> How to complete this task
Omit all pictures and transcribe only the lines in the entries below that run from the line with "Новые мужские замшевые/кожаные" through the line with "Le verre de".

> Records
============================================================

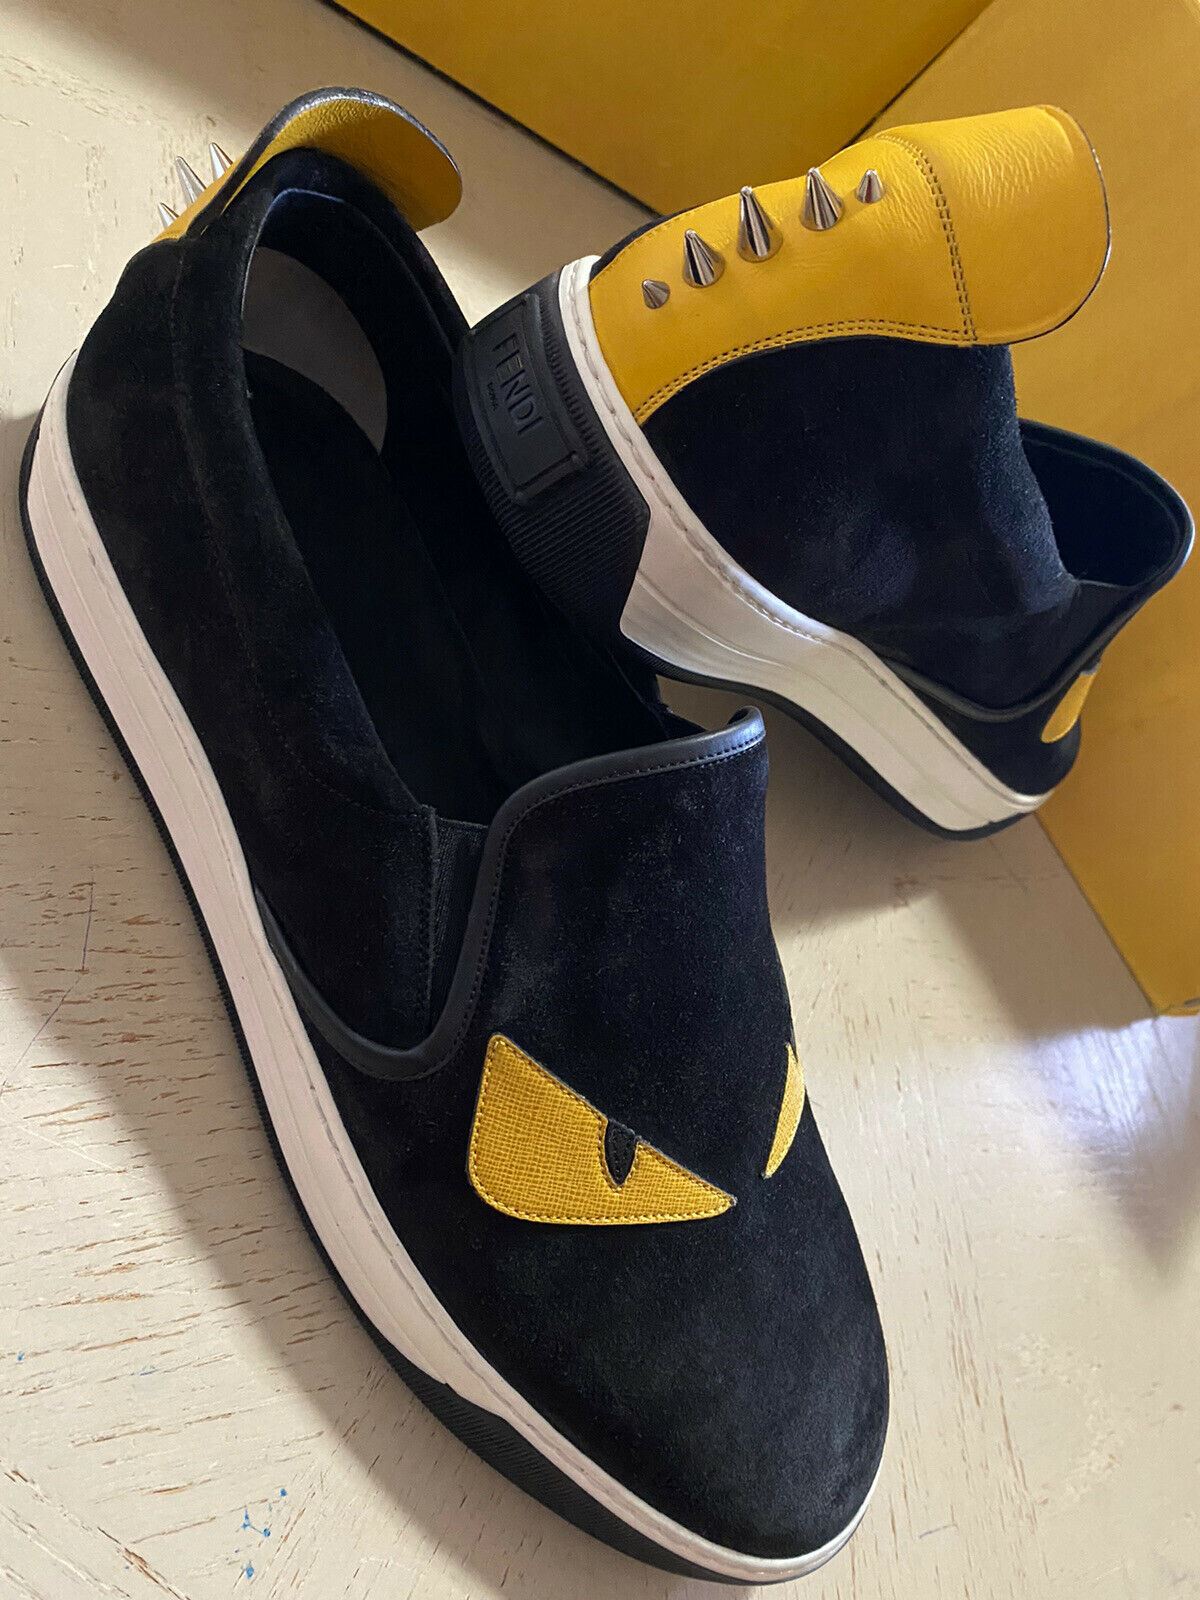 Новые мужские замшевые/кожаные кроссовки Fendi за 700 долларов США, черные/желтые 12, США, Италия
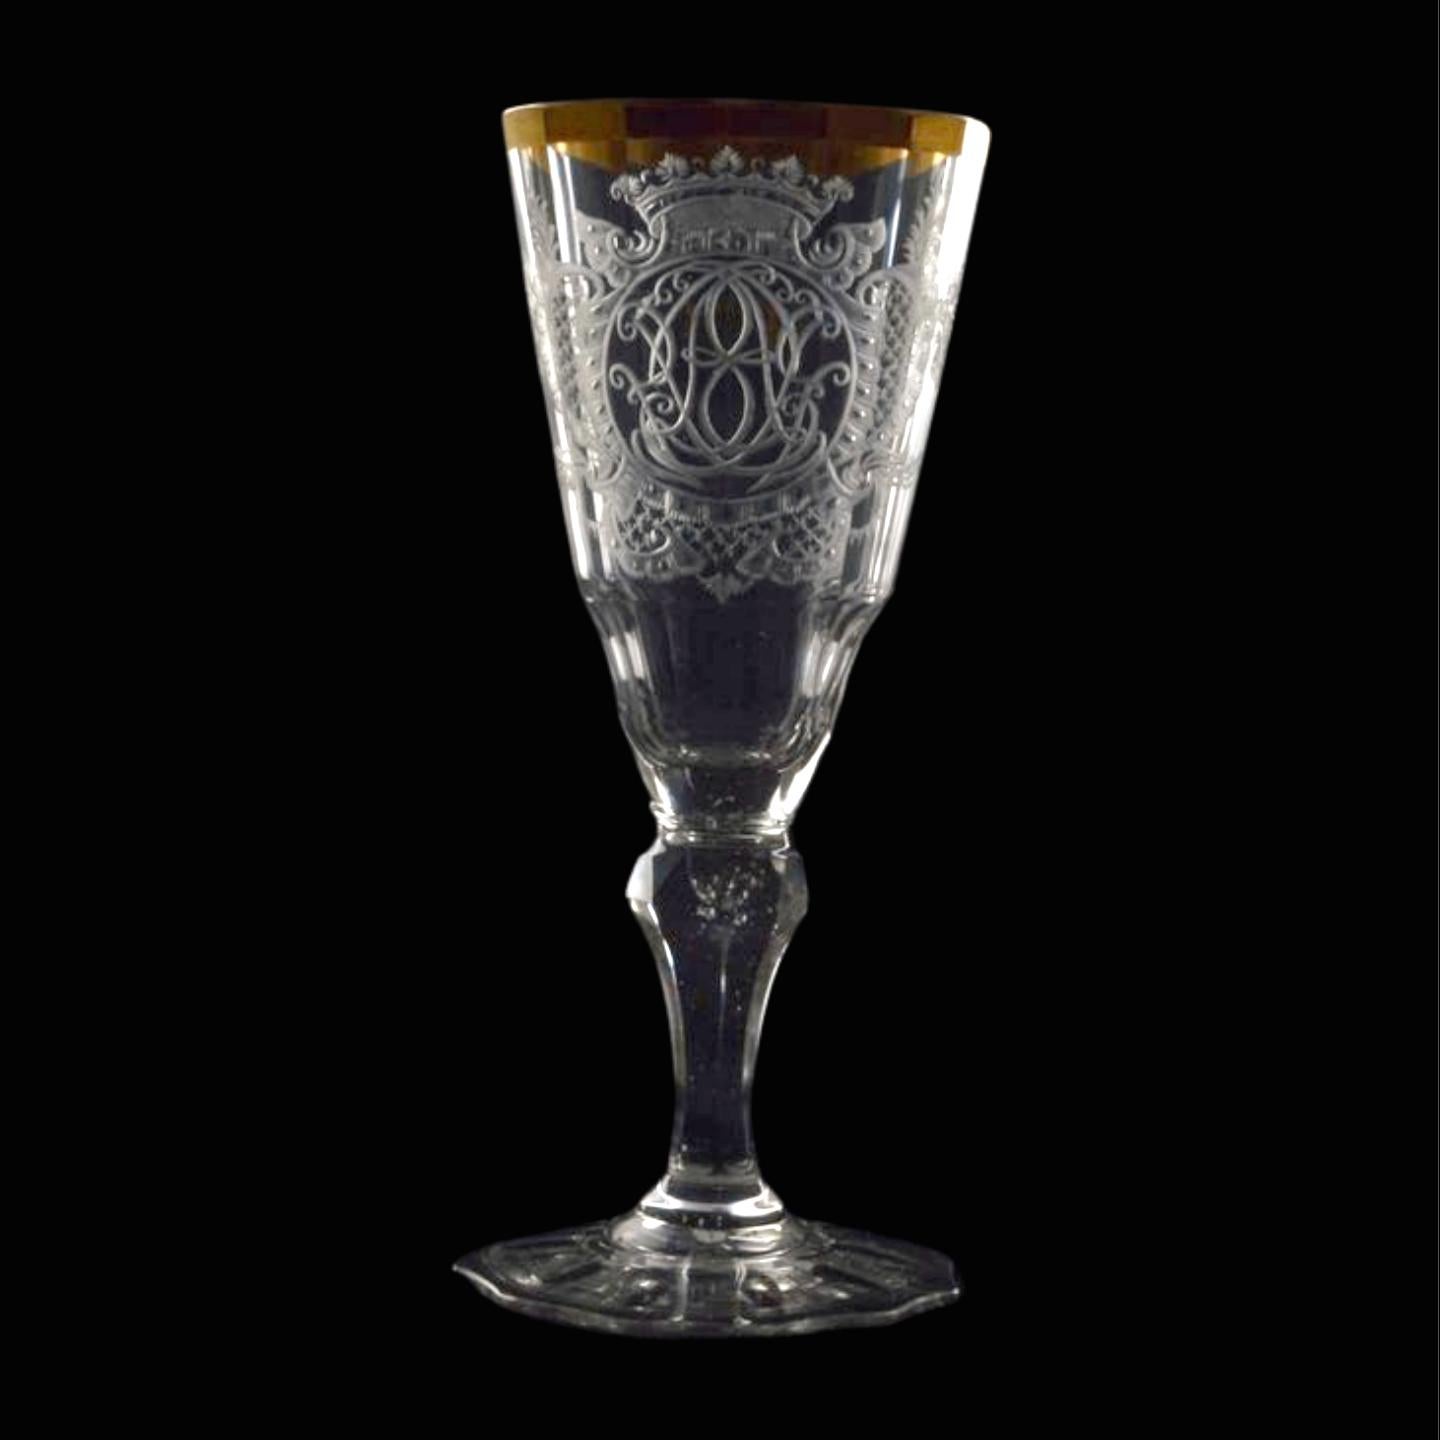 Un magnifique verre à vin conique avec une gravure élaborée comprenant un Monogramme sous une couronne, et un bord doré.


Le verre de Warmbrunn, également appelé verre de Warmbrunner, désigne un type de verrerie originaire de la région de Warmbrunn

============================================================

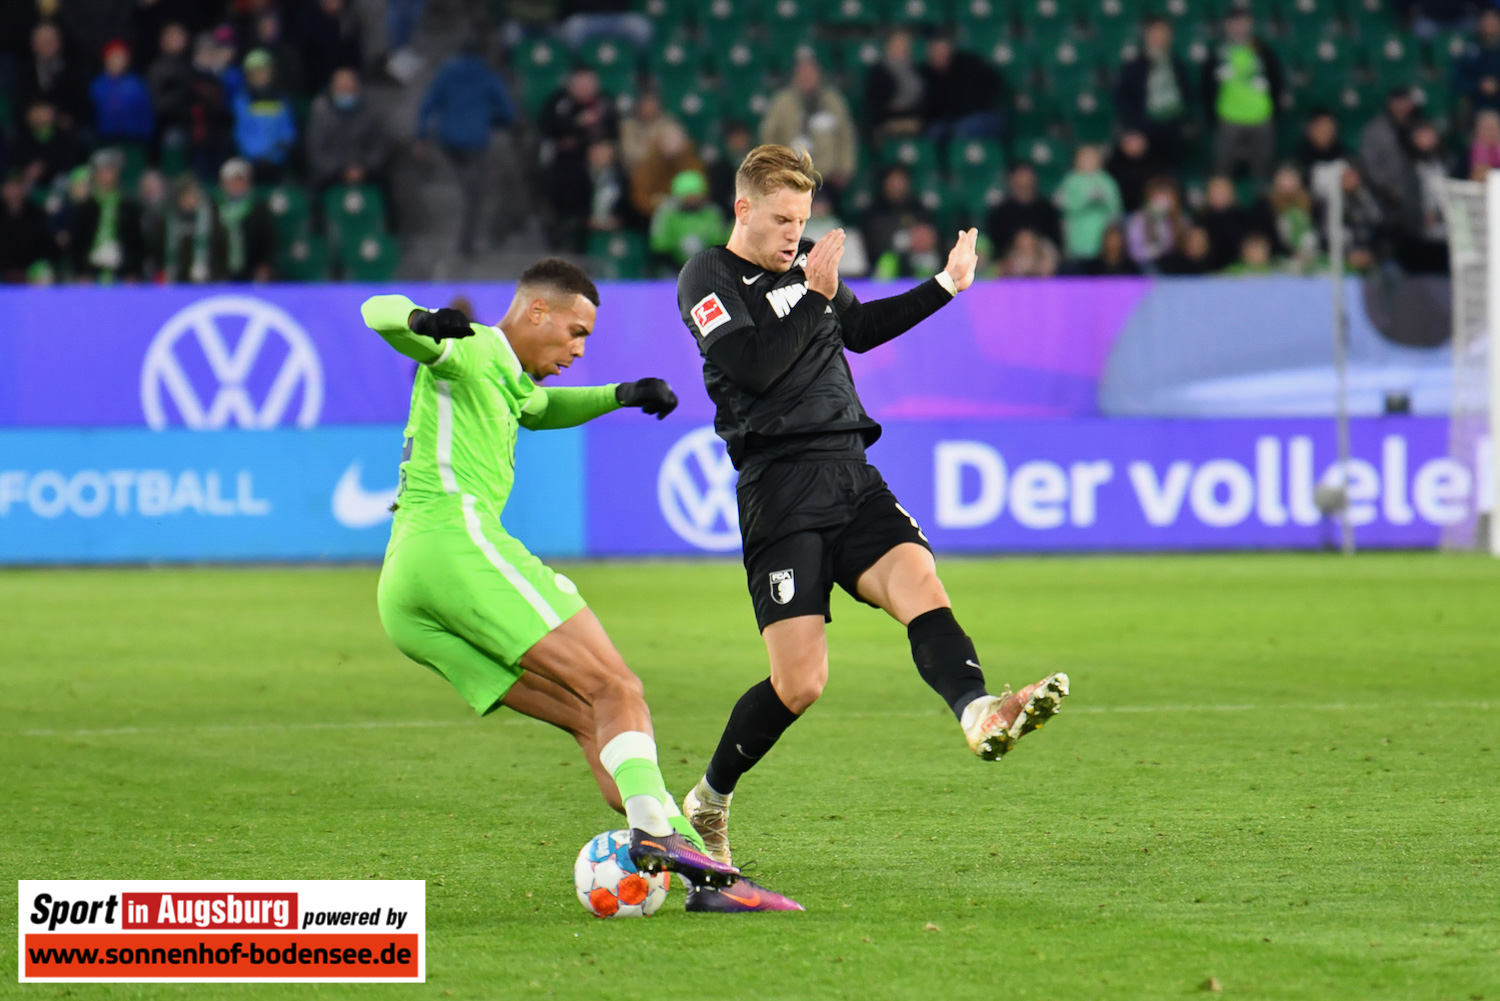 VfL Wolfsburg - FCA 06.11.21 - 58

============================================================

> Expected answer
 Новые мужские замшевые/кожаные кроссовки Fendi за 700 долларов США, черные/желтые 12, США, Италия
 Un magnifique verre à vin conique avec une gravure élaborée comprenant un Monogramme sous une couronne, et un bord doré.


Le verre de Warmbrunn, également appelé verre de Warmbrunner, désigne un type de verrerie originaire de la région de Warmbrunn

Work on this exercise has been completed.